EXERCISE DIRECTIONS >> Pictures are to be left out; every line from the one that holds "Athlete runner running" to the end of the data is to be retyped exactly.

BEGIN SOURCE DATA

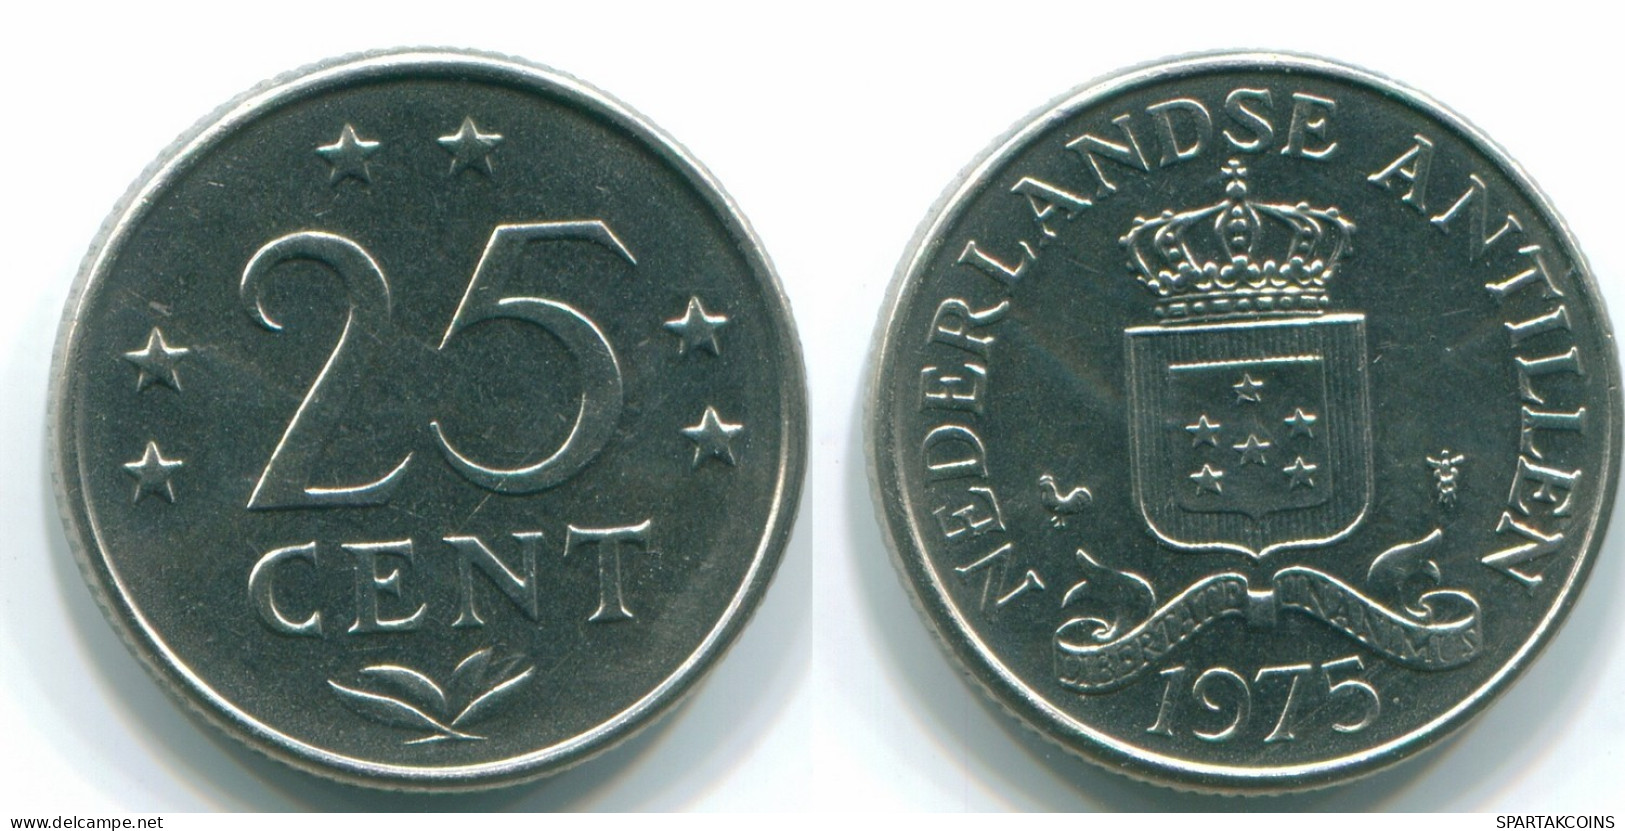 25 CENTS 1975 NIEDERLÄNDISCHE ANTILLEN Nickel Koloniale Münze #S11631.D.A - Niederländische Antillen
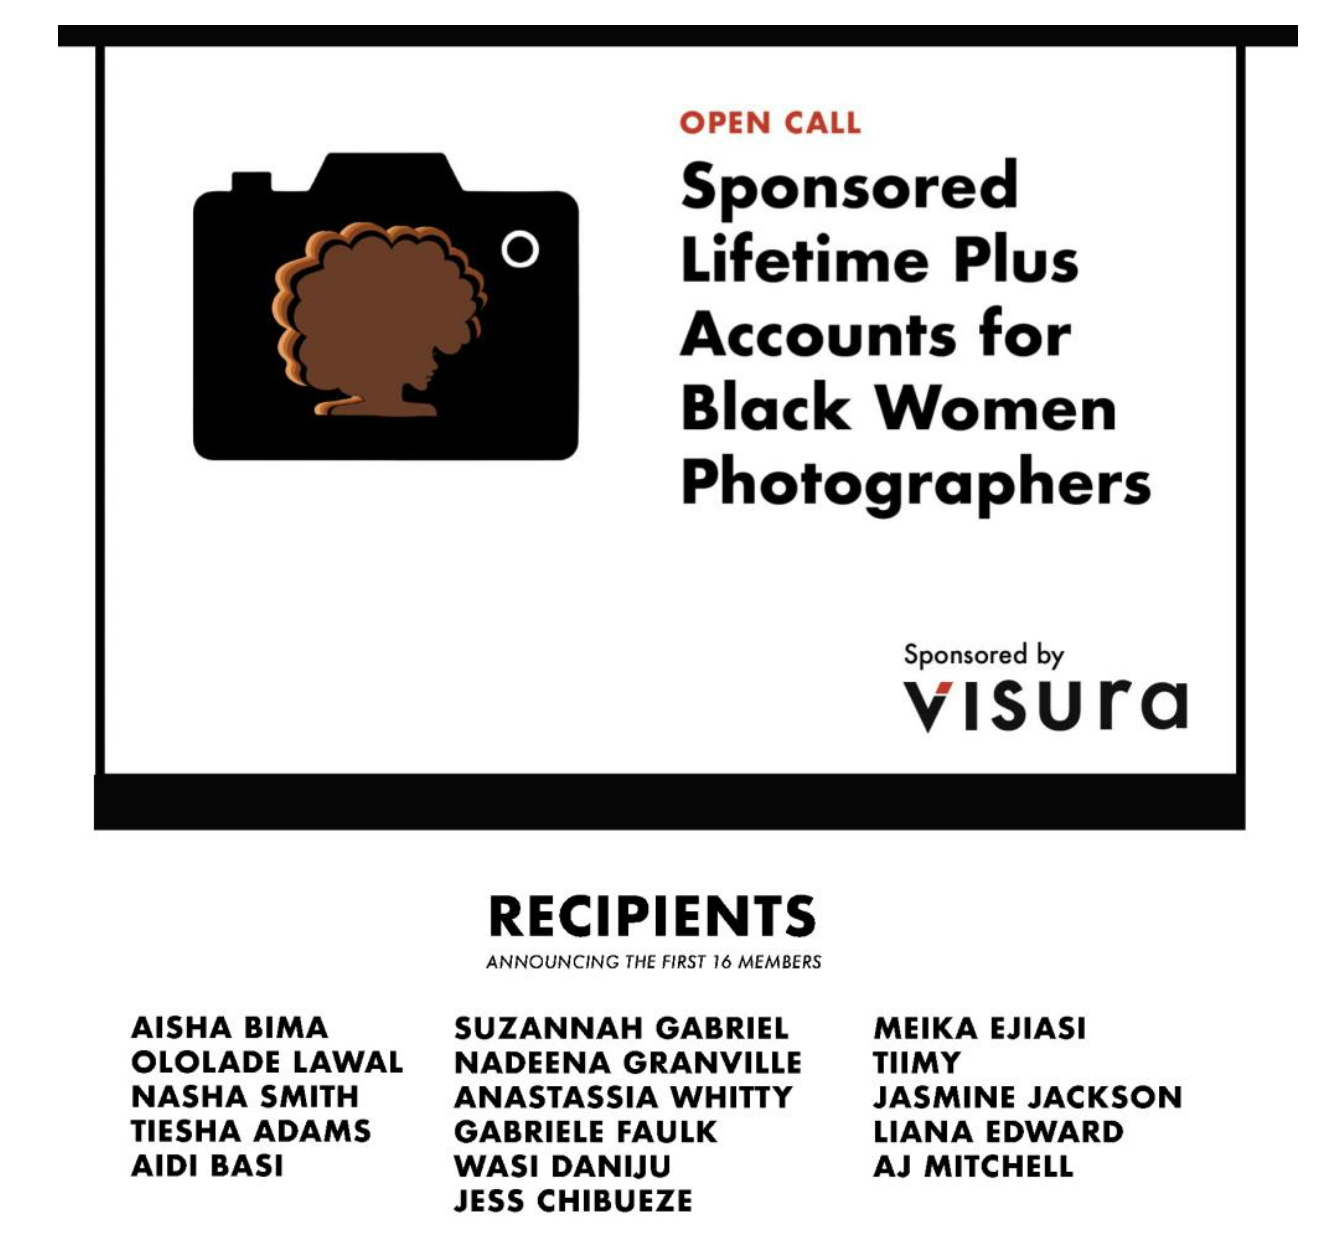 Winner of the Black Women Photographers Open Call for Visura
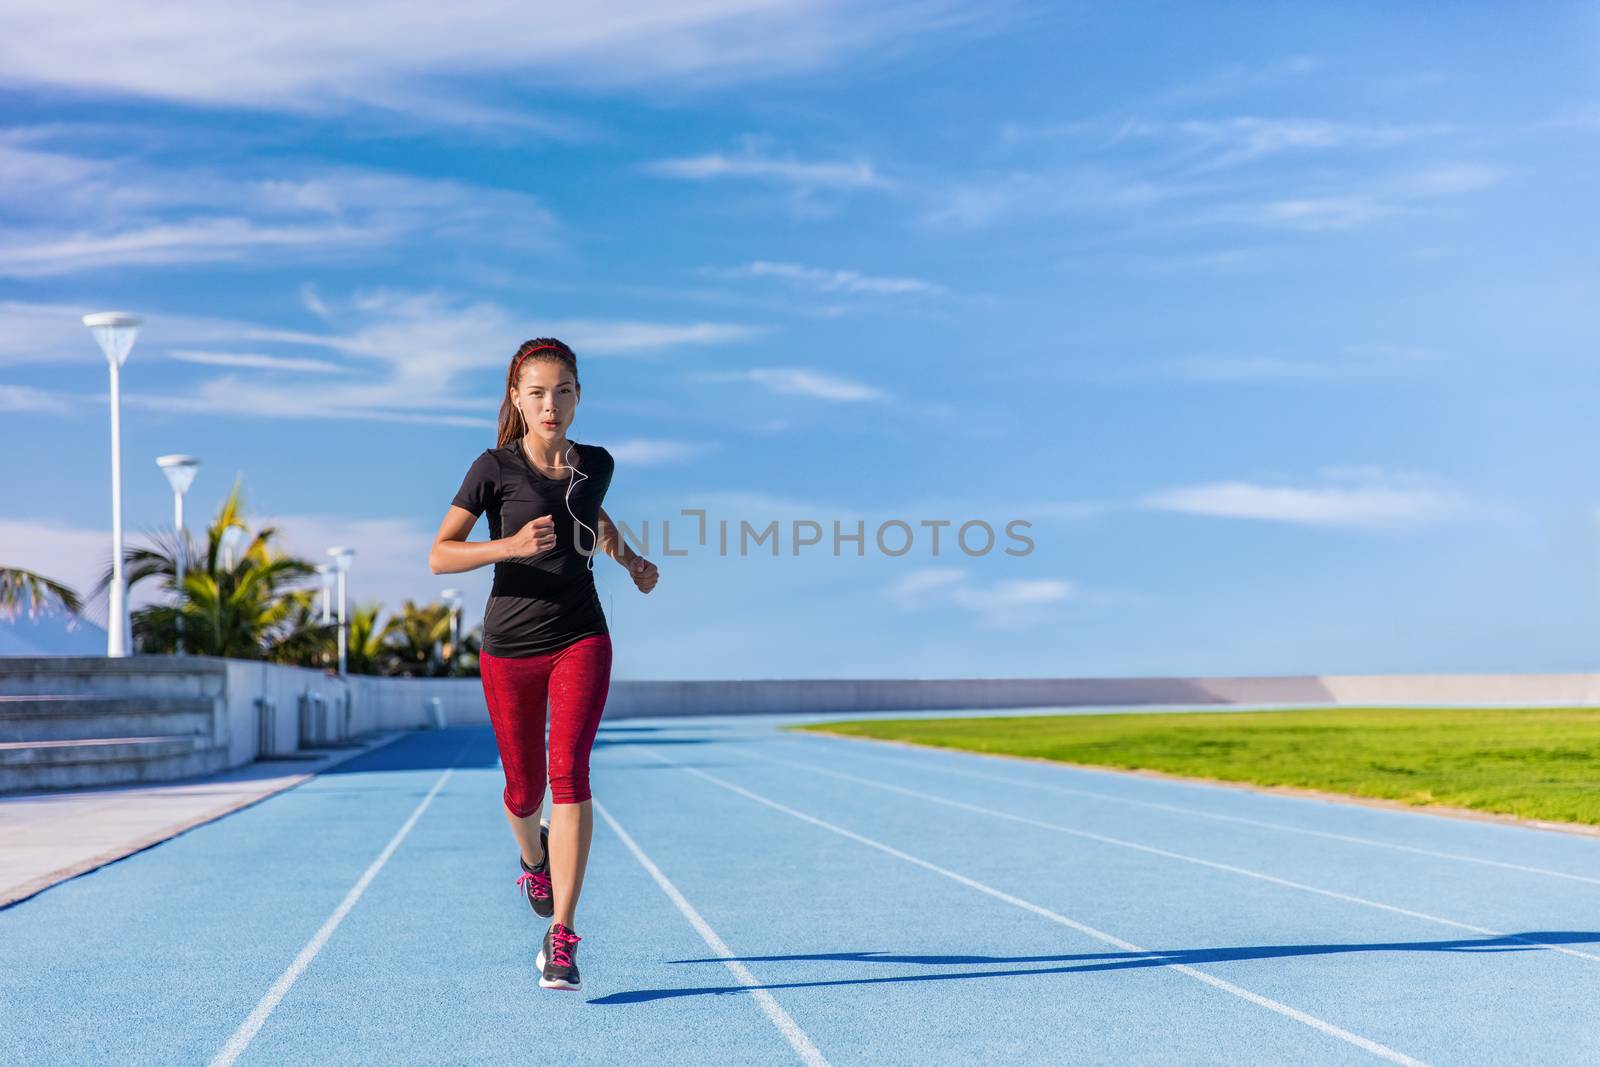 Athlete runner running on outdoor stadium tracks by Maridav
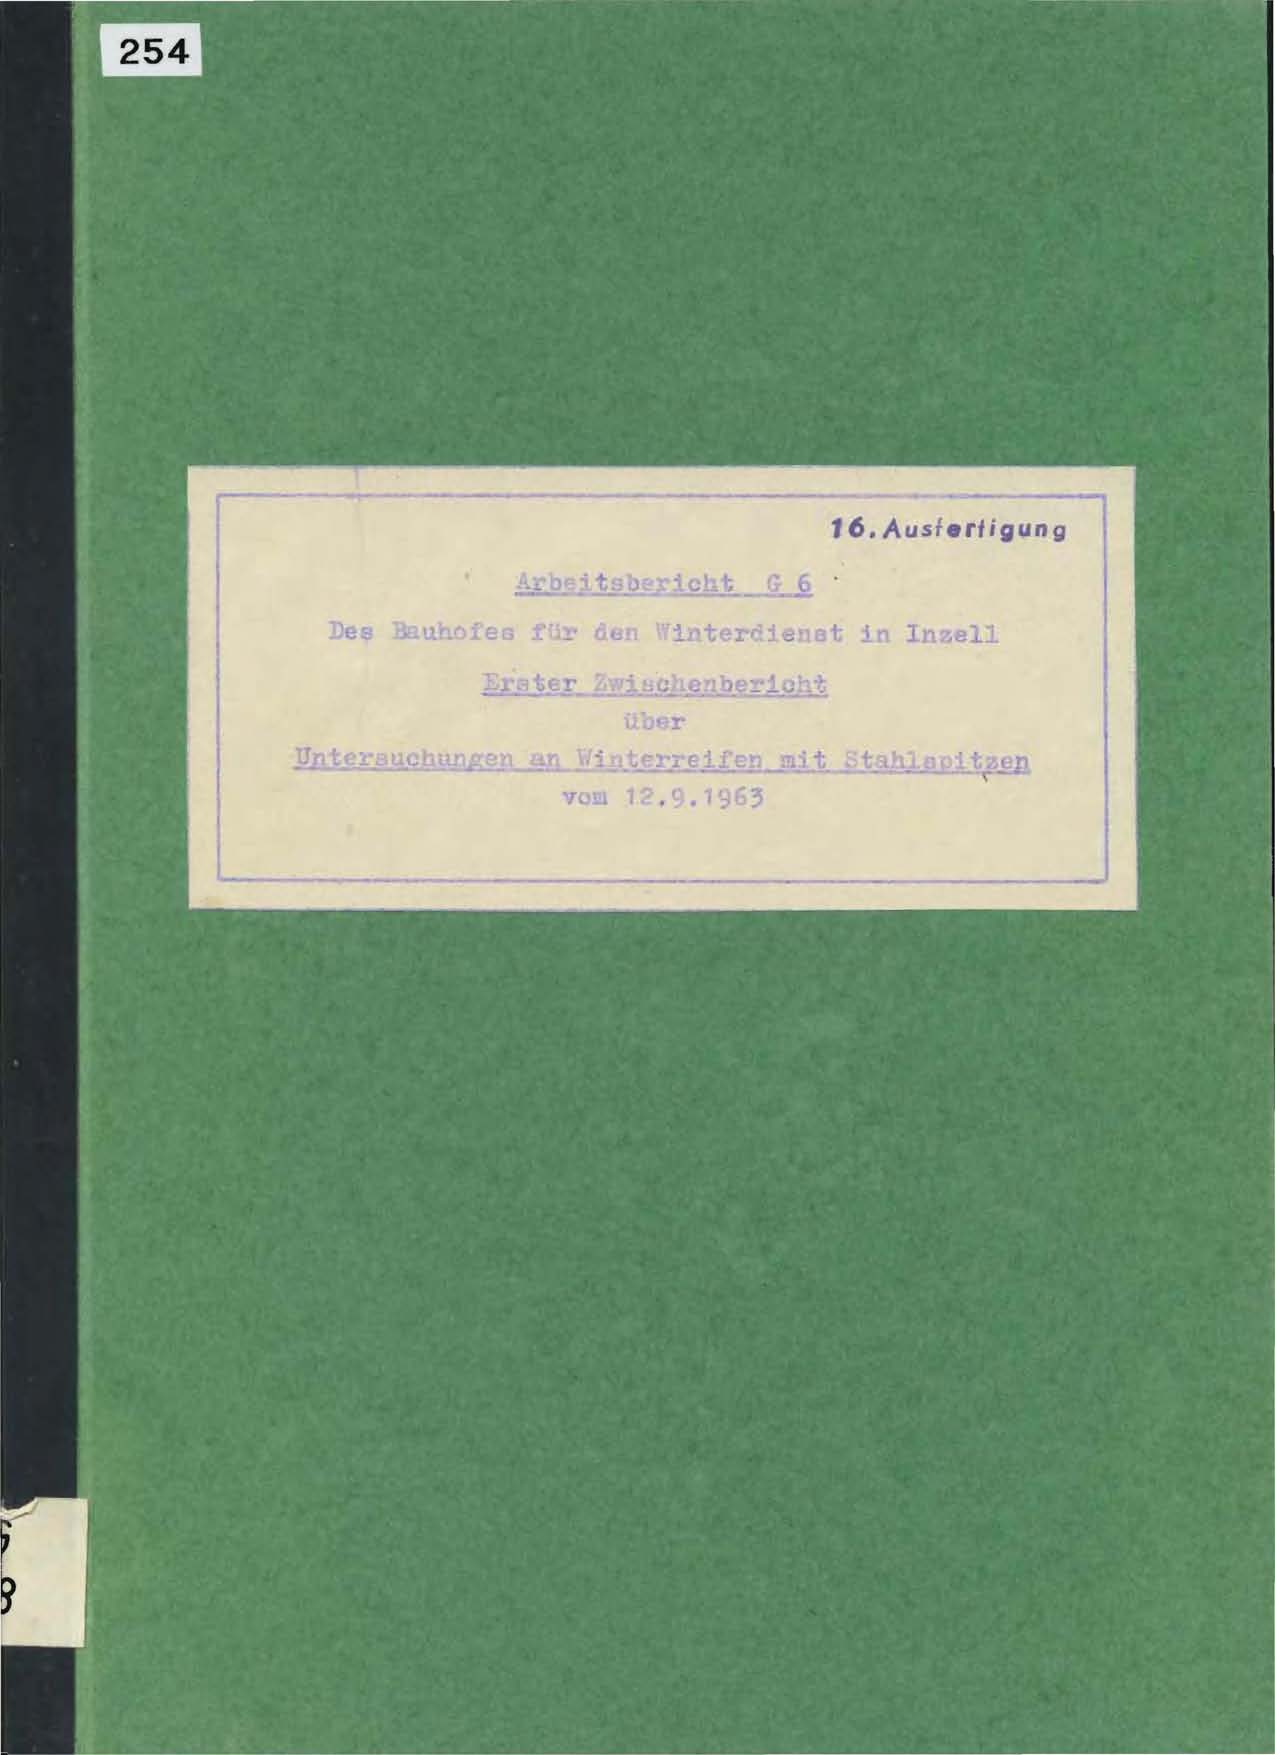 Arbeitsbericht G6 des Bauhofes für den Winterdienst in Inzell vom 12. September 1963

END SOURCE DATA

YOUR SOLUTION >>
 Athlete runner running on outdoor stadium tracks by Maridav
 Arbeitsbericht G6 des Bauhofes für den Winterdienst in Inzell vom 12. September 1963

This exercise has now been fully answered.